The best thing the album does is create a feeling of atmosphere – opening track ‘Life On Earth’ is almost hypnotic in its despair, down to use of electronic sounds and merging them with the traditional rock Snow Patrol are known for. It’s an interesting song that deals with the fact that life is miserable, and it guides us through this in a trance-like state as we’re carried along by it. Songs ‘A Dark Switch’, ‘What If This Is All The Love You Ever Get?’, ‘A Youth Written In Fire’ and ‘Soon’ all have a similar feel to them – but they all have the same issue: they never really go anywhere.

This is a problem that plagues the album as a whole – it just sort of happens. There’s little feeling when the songs end; although it’s a decent ride, we’re not left with any feelings of elation or sadness. It’s a case of “Well, that was good. What’s next?” Granted, there’s a good sense of atmosphere that almost feels inspired by bands like Wolf Alice, or the music of Twin Peaks: The Return, but when the tracks end there’s nothing there. It tries so hard, but things like use of snare drums over the bass in ‘A Dark Switch’ mean that it never gets going – there’s no grand explosion or finale, it simply ends. The songs are enjoyable to listen to, but they don’t offer anything more than that.

It tries so hard, but it never gets going – there’s no grand explosion or finale, it simply ends

Having said that, three songs on the album are very much to its merit. ‘Empress’ and ‘Wild Horses’ inject a much-needed jolt of energy into the proceedings, giving us tracks reminiscent of songs like ‘Take Back the City’ and ‘You’re All I Have’. They may not be particularly memorable, but they’re easily the best songs on the album. Closing track ‘Life and Death’ carries an atmosphere that’s actually backed by some substance, and thankfully ends the album on a good note.

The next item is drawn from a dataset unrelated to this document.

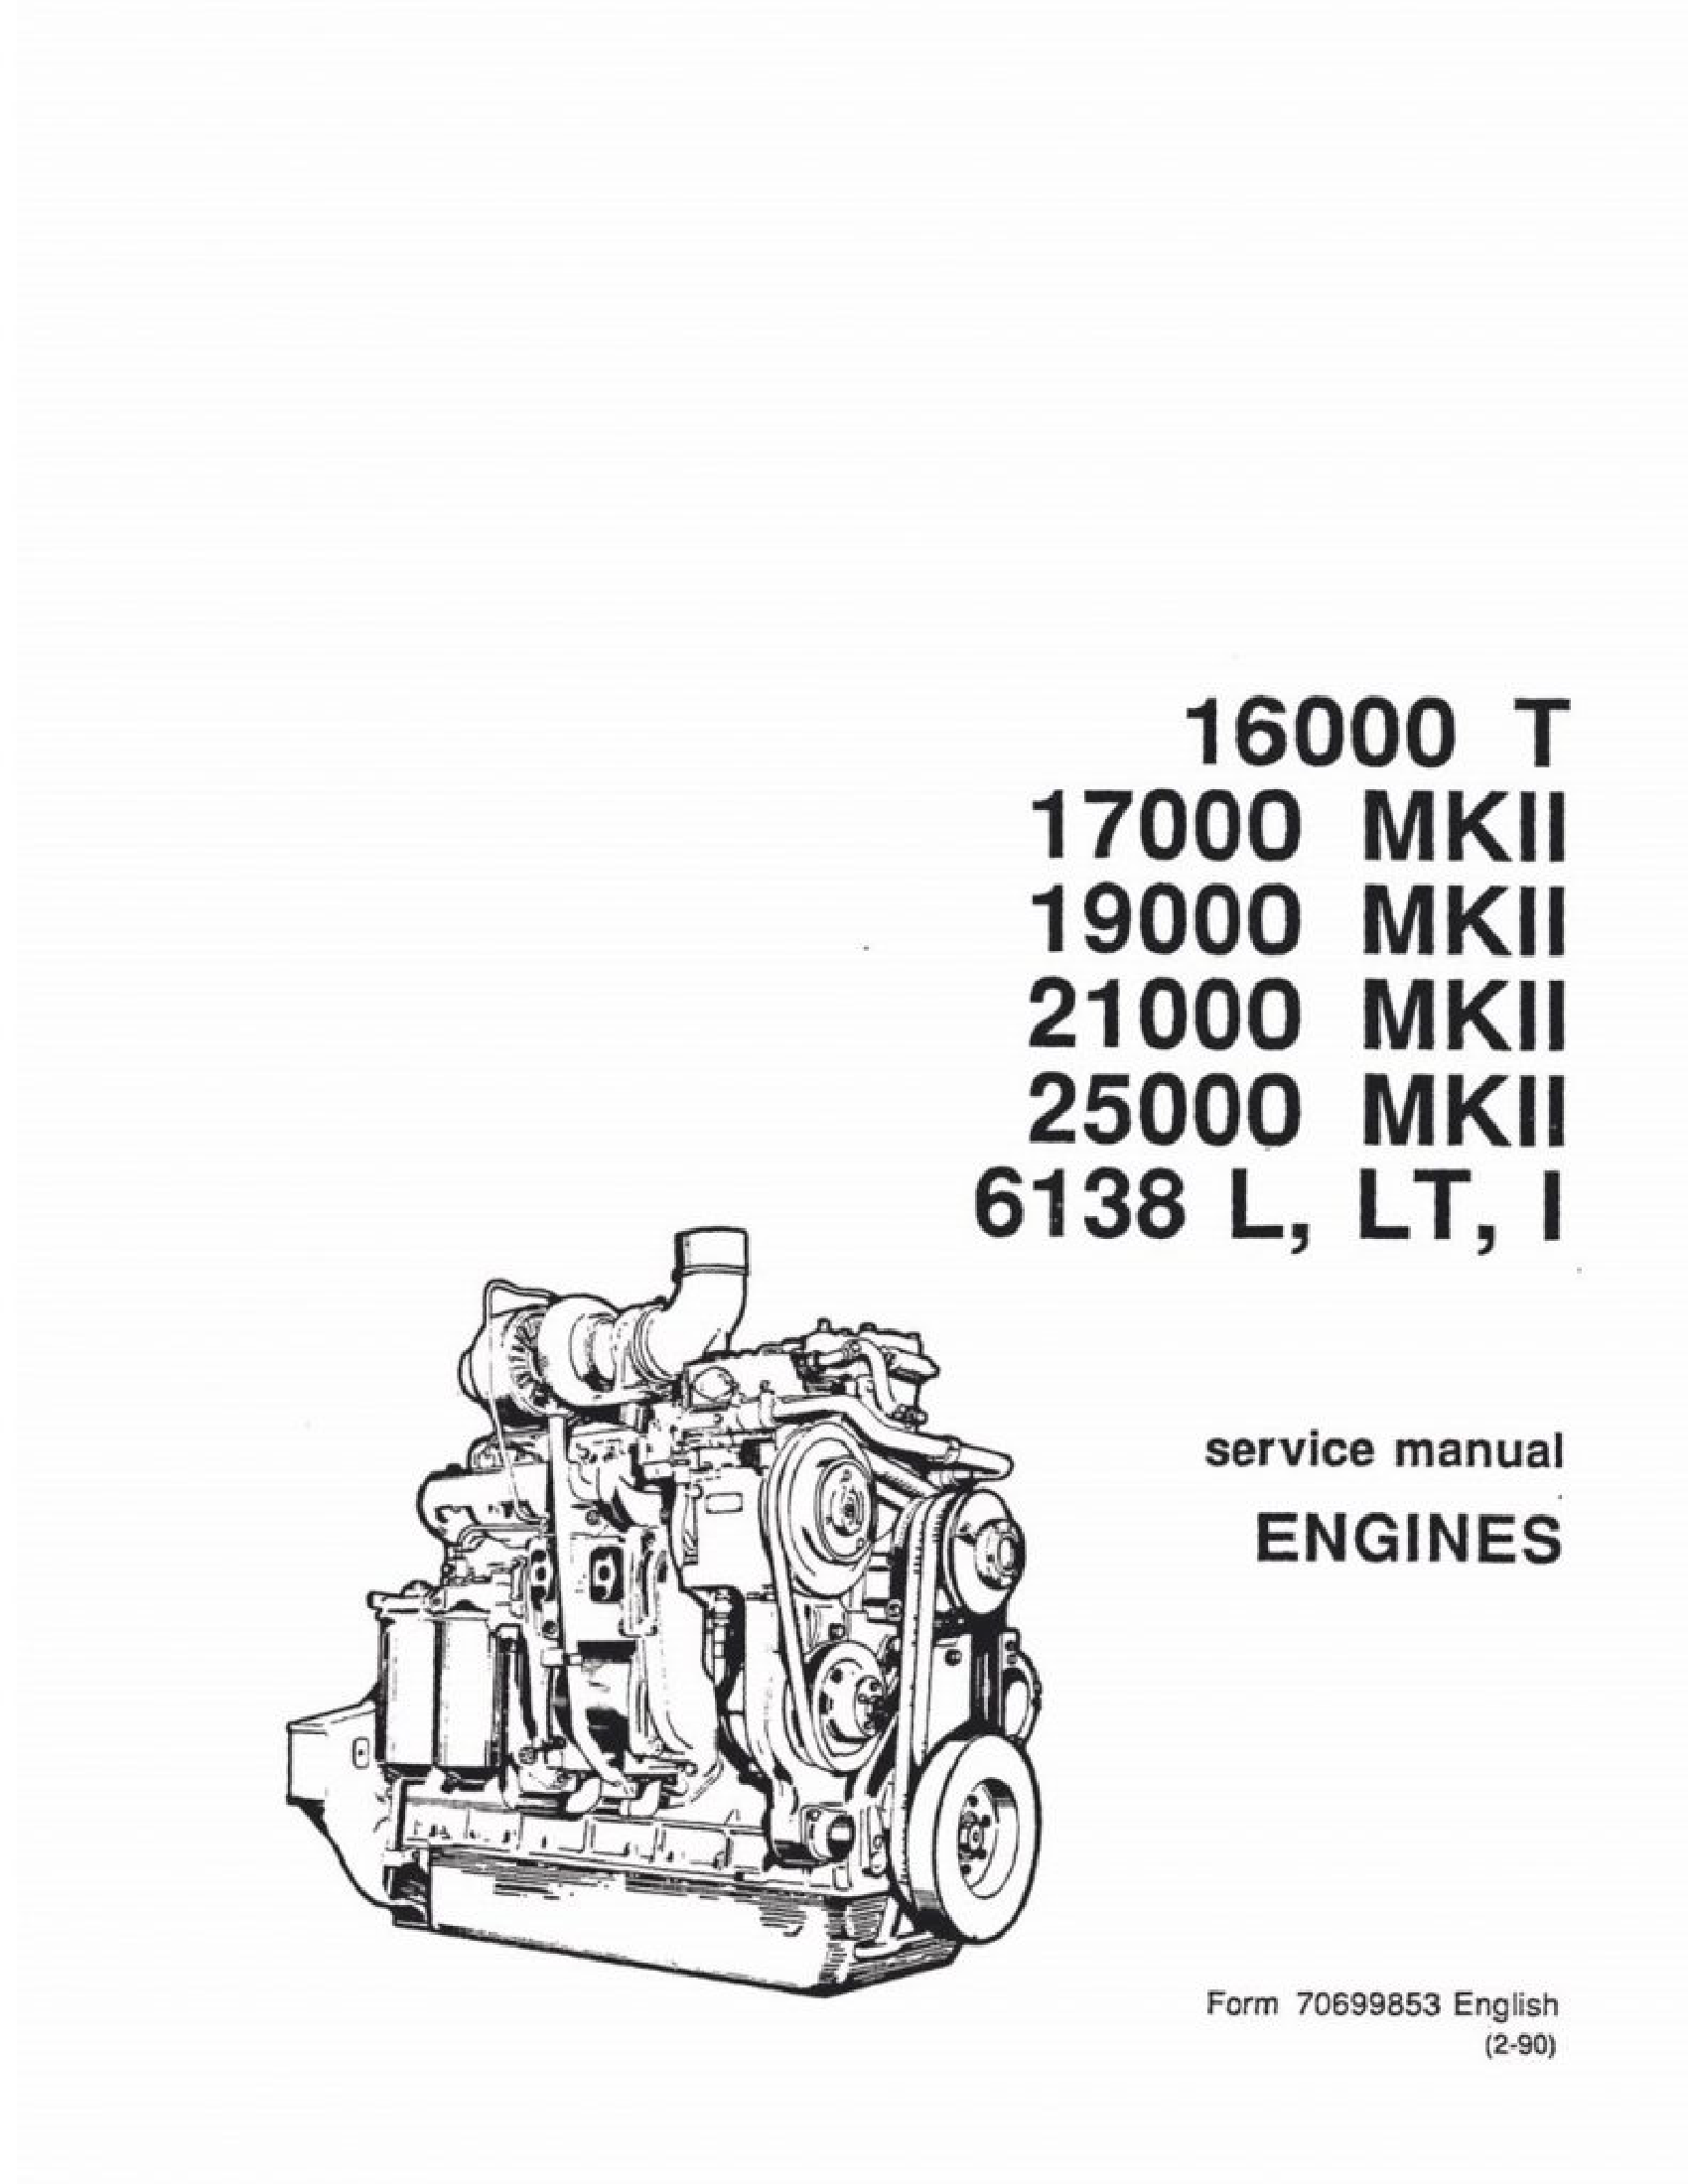 Fiat-Allis 16000 Engine manual

As with many new releases these days, there are two versions of this album; the standard, and the deluxe. Usually, deluxe versions aren’t worth bothering with, but with Wildness it absolutely is. The extra tracks are alternate, acoustic versions of five songs from the album, and, in a very strange twist of events, each one is better than the original. We get acoustics of ‘Life On Earth’, ‘Don’t Give In’, ‘Heal Me’, ‘What If …’, and ‘Soon’, and every single one of them achieves the emotion the original version doesn’t. They aren’t particularly songs that lend themselves to a consistent and satisfying rhythm, but removing the drum kit entirely is a perfect solution to this. They’re somehow given more energy by the acoustic guitar, and the use of trumpets is gorgeous. It also gives Lightbody the chance to show off his fantastic vocal ability, something he hasn’t been able to do all album. Each track feels more real and heartfelt than its original counterpart, and all are excellent – it’s just a shame the original releases couldn’t have done this.

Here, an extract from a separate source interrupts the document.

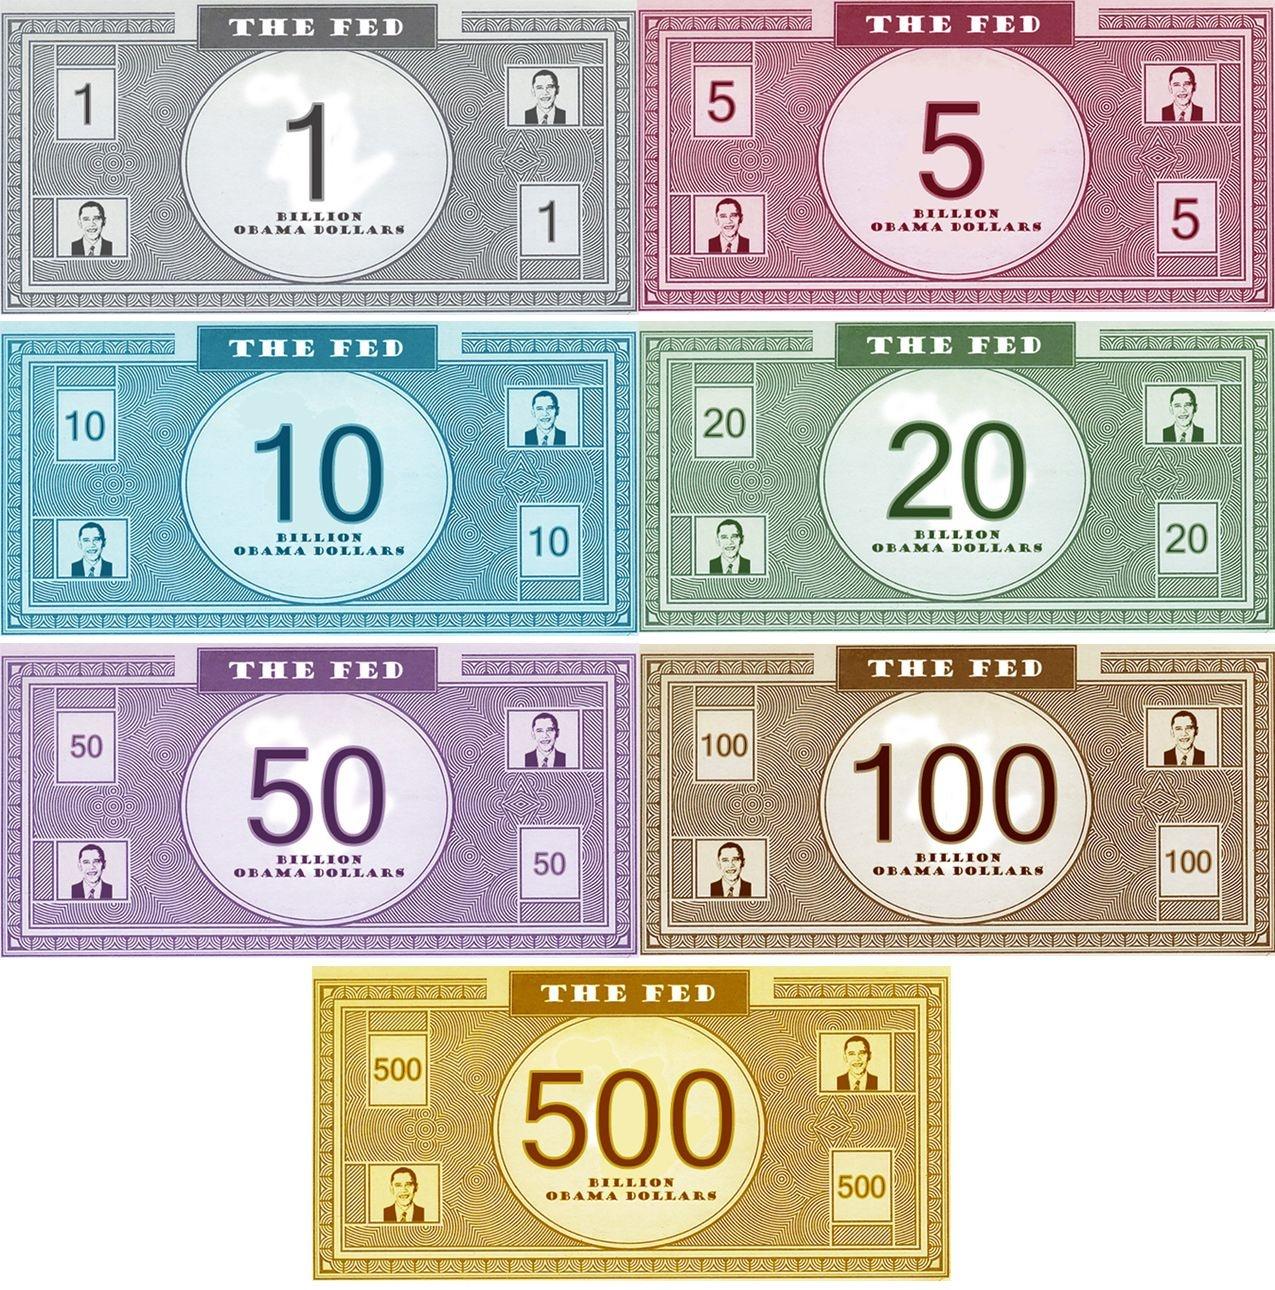 Game Money Template - Kaza.psstech.co - Free Printable Game Money

It’s quite slow and rather empty, with few memorable tracks

Overall, Wildness is largely a disappointment. It’s quite slow and rather empty, with few memorable tracks. The new sound the band tries to achieve gets lost amidst the sheer mediocrity, and the good songs present aren’t quite good enough to redeem it. It’s all the better, then, that the acoustic versions are a joy to the ears, and offer us a glimpse of what could have, or should have, been.